== Exercise ==
Among the entries that follow, locate the line with "designer wedding dress" and the line with "Lexus-LF-30-Concept-62". Output those lines and all lines in between, exactly, minus the pictures.

== Given information ==

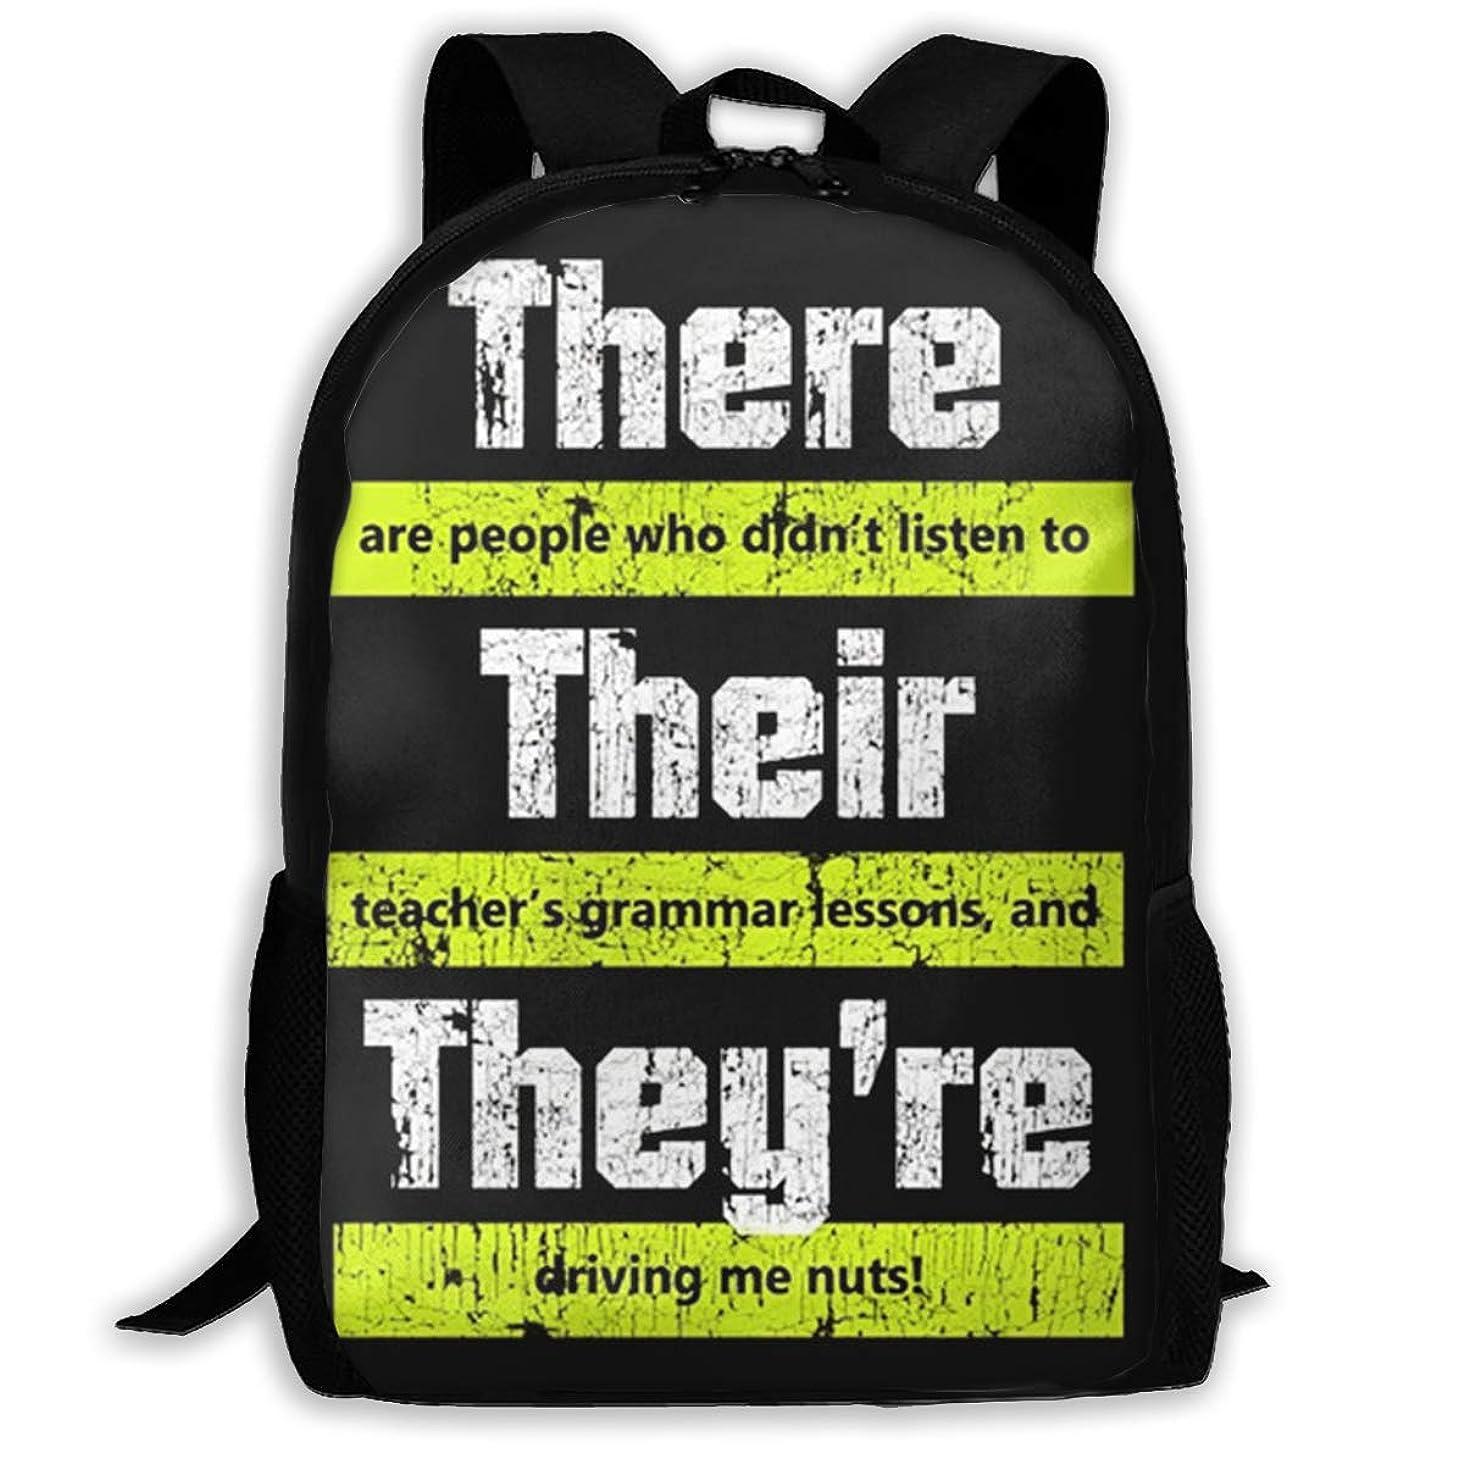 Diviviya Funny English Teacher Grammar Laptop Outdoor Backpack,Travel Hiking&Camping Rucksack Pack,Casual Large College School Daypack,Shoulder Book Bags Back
---
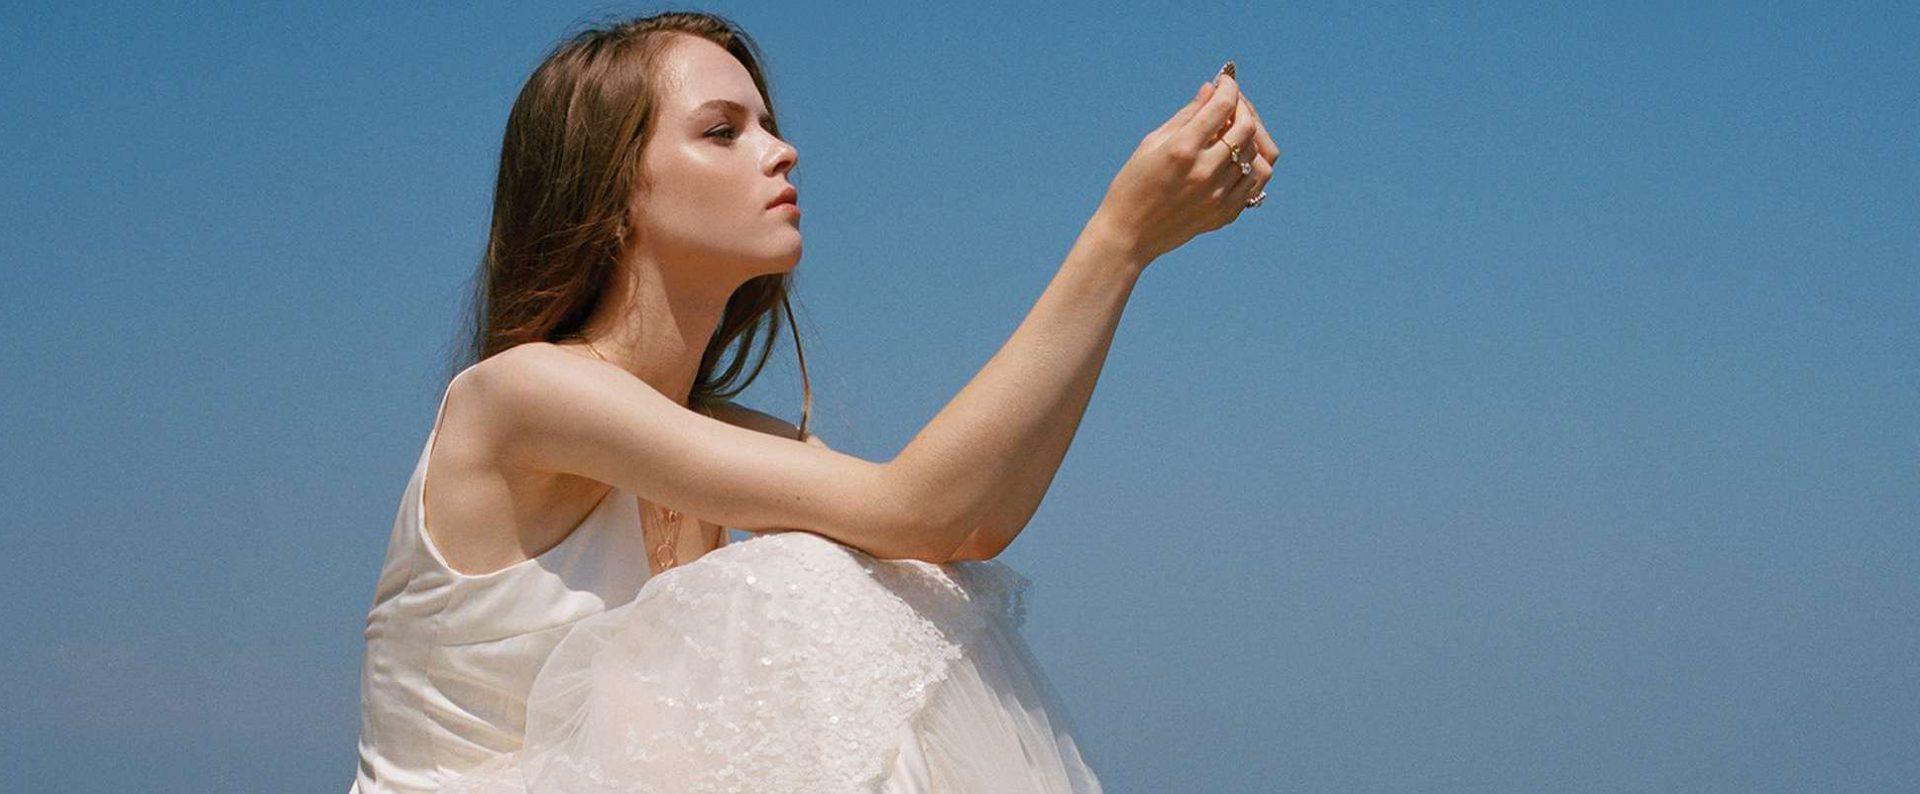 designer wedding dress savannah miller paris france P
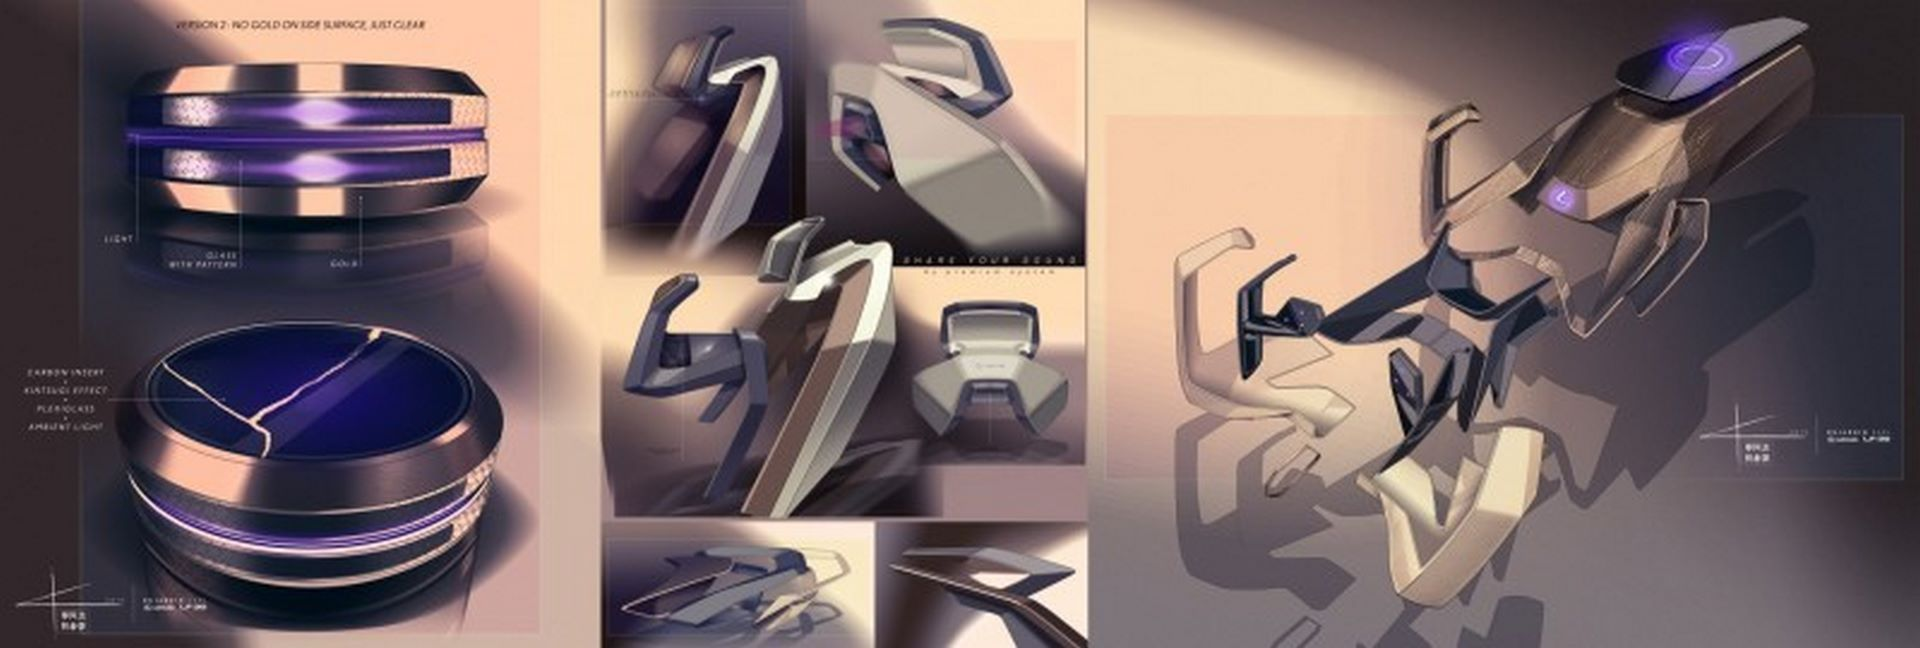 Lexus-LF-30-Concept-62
--
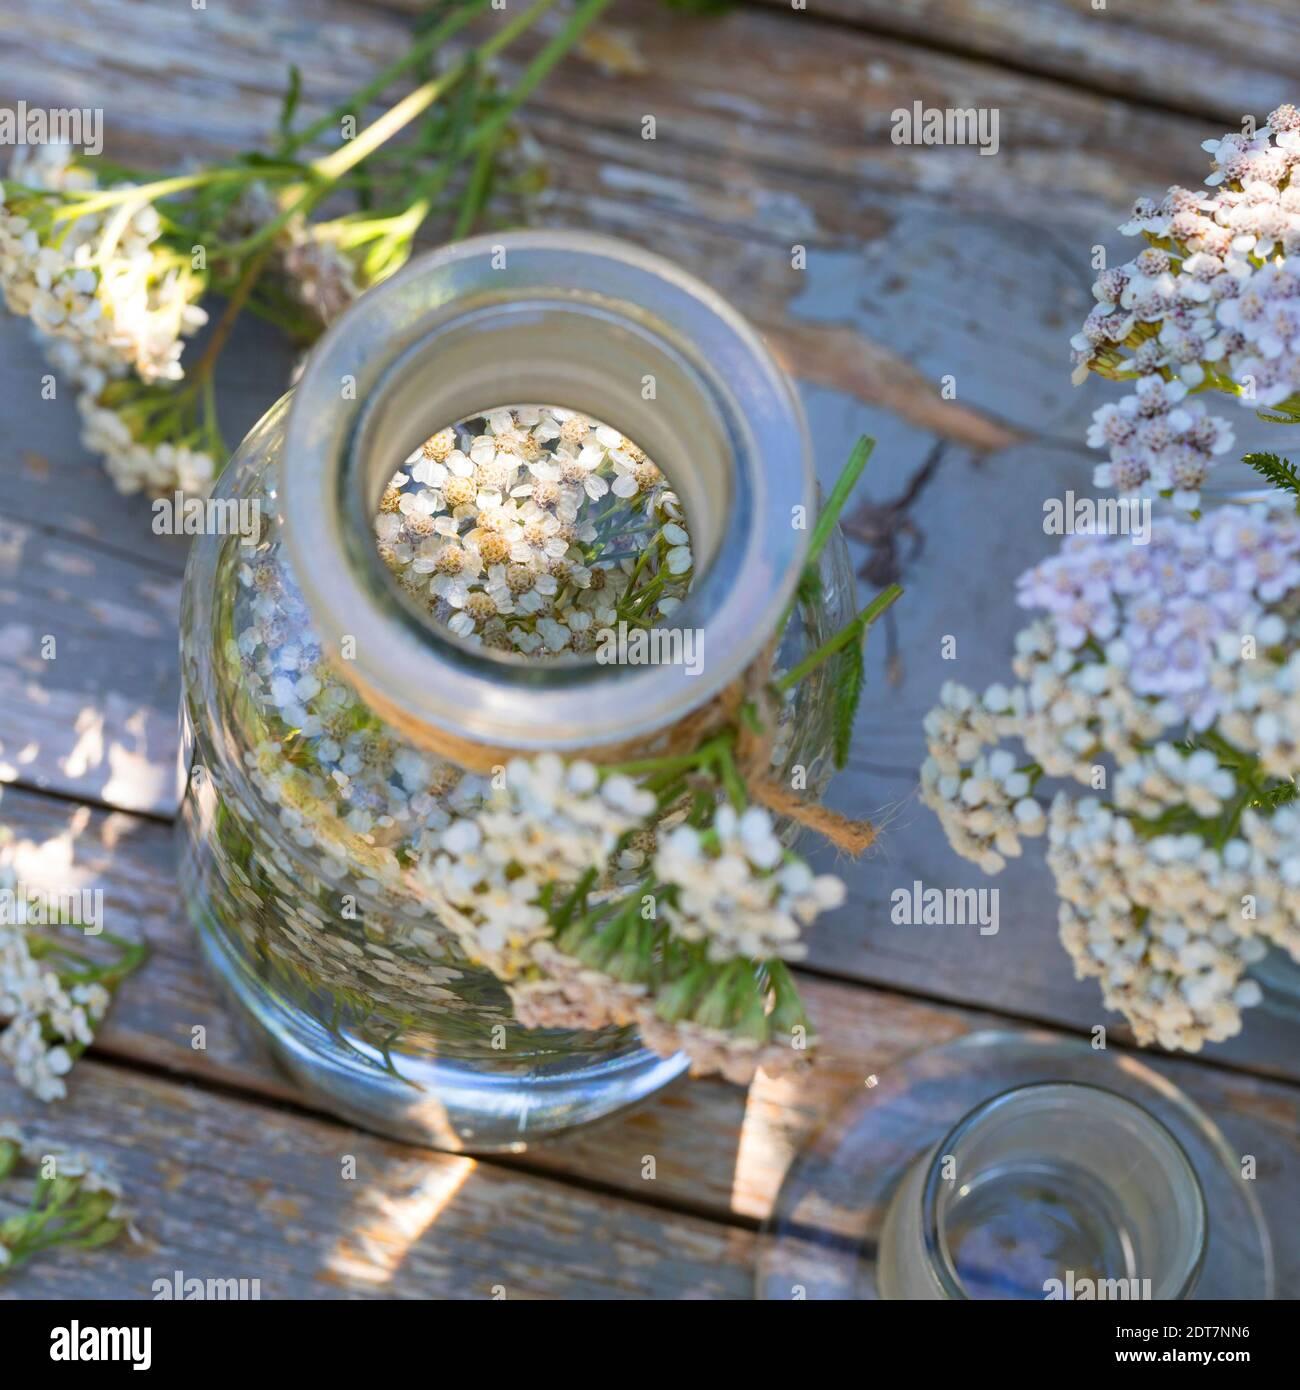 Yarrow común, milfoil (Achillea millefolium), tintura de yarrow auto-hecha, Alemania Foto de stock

== Solution below ==
 designer wedding dress savannah miller paris france P
 Lexus-LF-30-Concept-62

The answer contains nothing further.